Afterwards, I cleaned up the blood, annoyed at how much there was on the floor. Soon after, I opened her backpack and found an assortment of items, things I’d rather not think about. One in particular that I will bring up, however, was her phone. The camera on my front porch which had been turned off due to laziness up until the package incident caught her face the day she snuck in. I took a picture of her and used it to unlock the phone’s facial recognition lock.
Since then, I grew obsessed looking at the various photos of the girl who tried murdering me. It was thrilling to know that she failed, and that she was living in fear, knowing very well I was alive. In just hours I’d read all her texts, all personal notes I could find, and scrolled through her socials. She was a normal girl, which confused me but added to my amazement. I wanted to learn everything about her. My blood was screaming her name. It was just like the horror novels I’ve read/written, and it wasn’t long until I came up with the idea to finally meet this devious mistress.
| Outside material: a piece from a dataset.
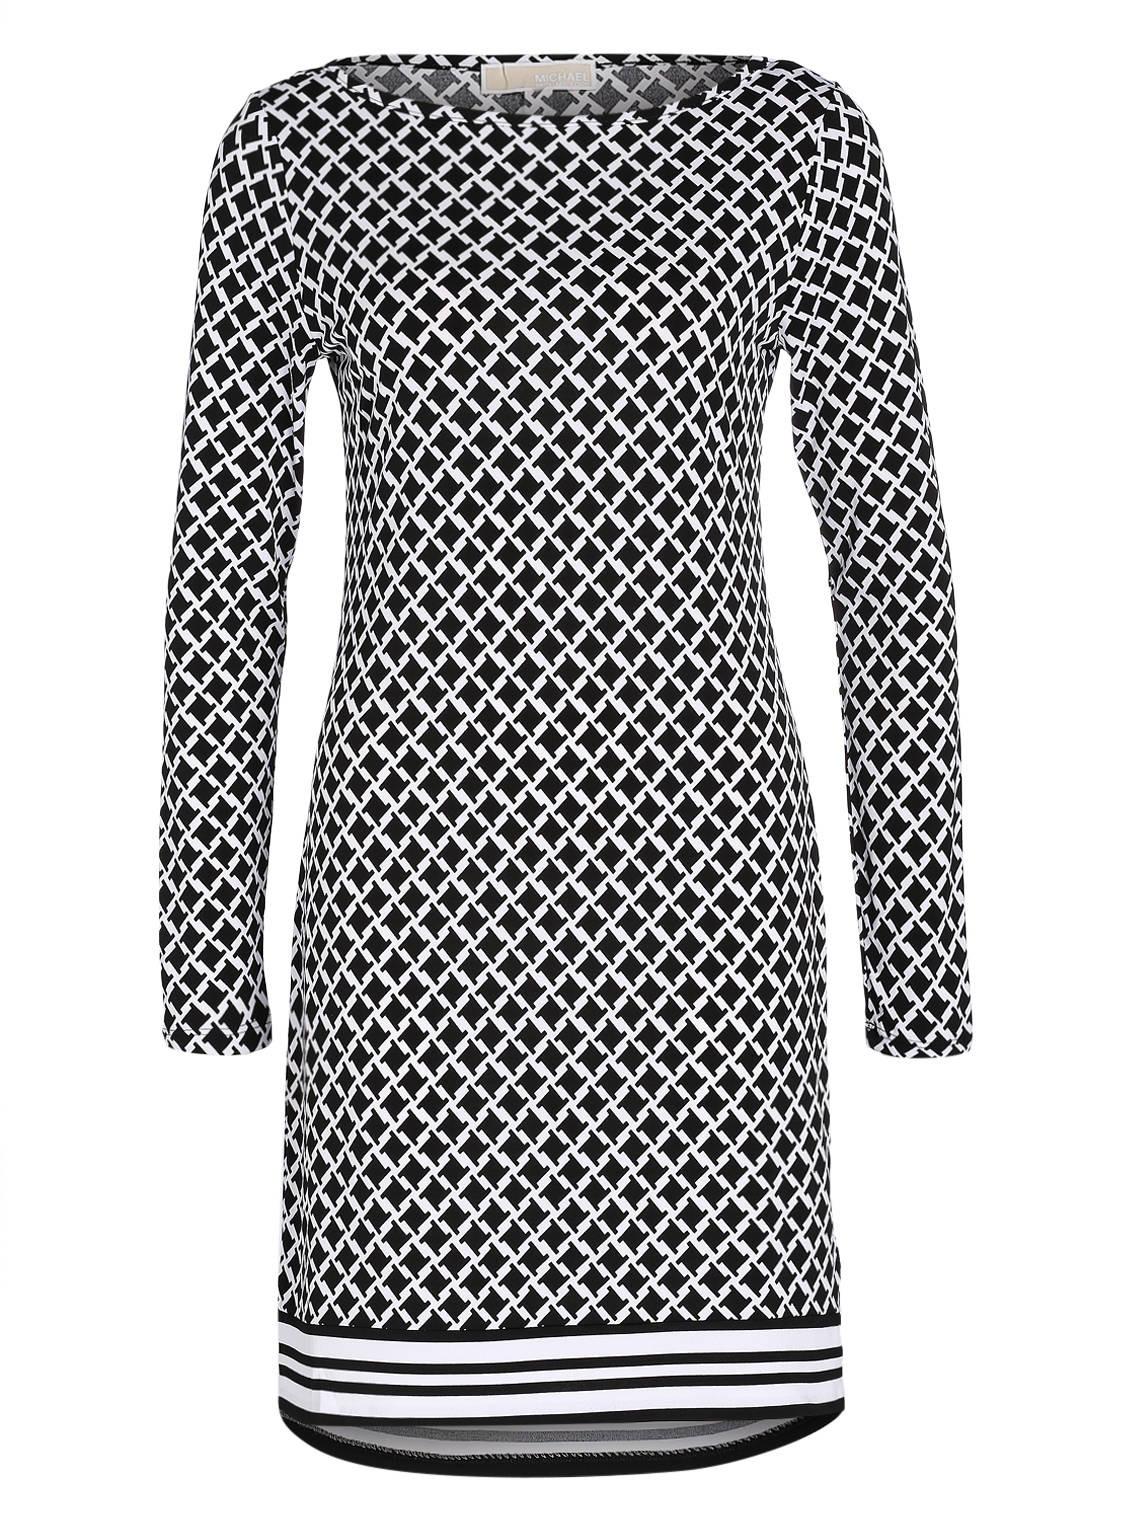 Designer Perfekt Damen Kleider Schwarz Weiß Boutique Wunderbar Damen Kleider Schwarz Weiß Galerie
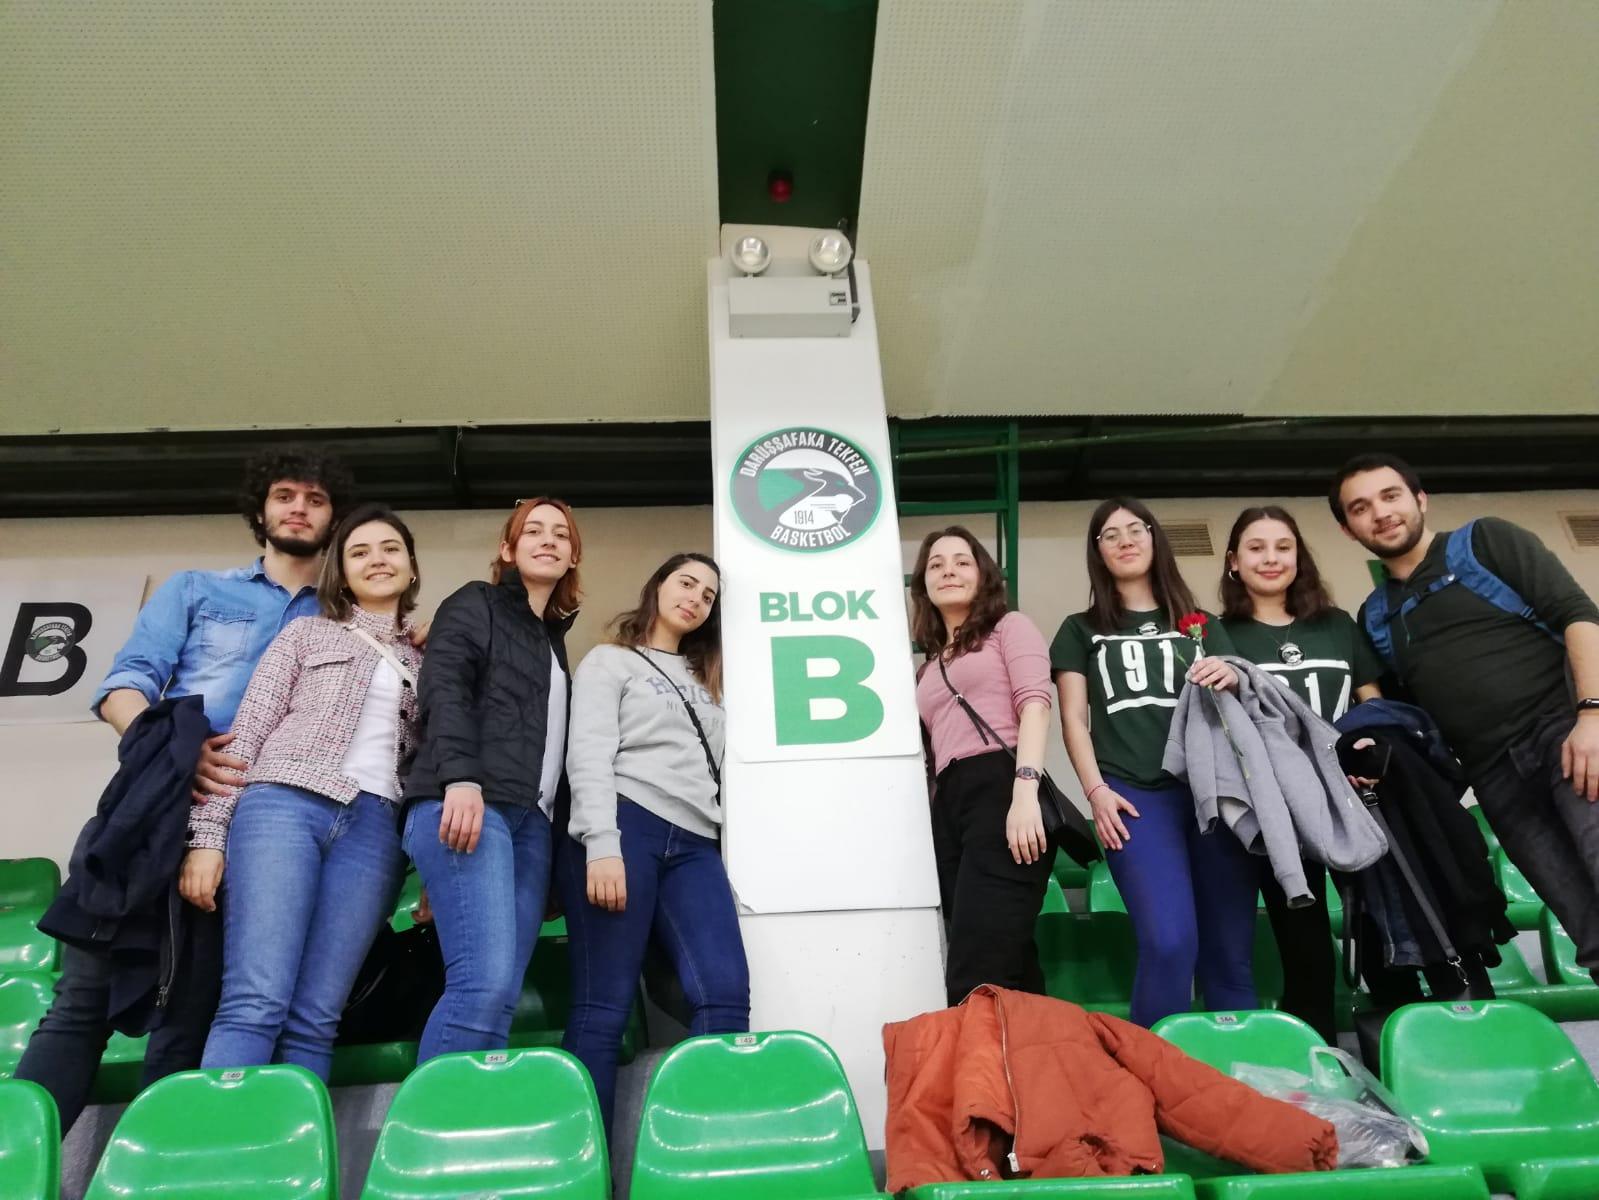 08.03.2020 / Darüşşafaka Tekfen – Galatasaray Basketbol Maçı Kulüp İçi Organizasyonu

I was able to find wireless earbuds connected to her phone that had their tracking setting enabled - How ironic that she was so nonchalant about being tracked. I’ve been keenly watching her in-person these past few days since then, as it didn’t take long to find where she was staying at.
You seem so interesting, and I’d like to get to know you better, which is exactly why I’m going to leave this note at your front door. Don’t bother throwing away your earbuds and fleeing. I already have a few ways to find you regardless. This isn’t my first time doing something like this, but it might just be the last depending on how this goes. I hope this doesn’t come off as too weird, but I think you can forgive me seeing how you swung an axe at me.
I don’t know why you chose me. Maybe you know something (or things) about me that I don’t want you to, but I’m not holding my breath on whether you’ll phone the police based on that information. After all, we both have some things to hide, don’t we? Otherwise, I would’ve simply called them by now.
With love, and maybe more,
Eric
P.S. This has all been therapeutic to me, and maybe I can share how I really feel when we meet up.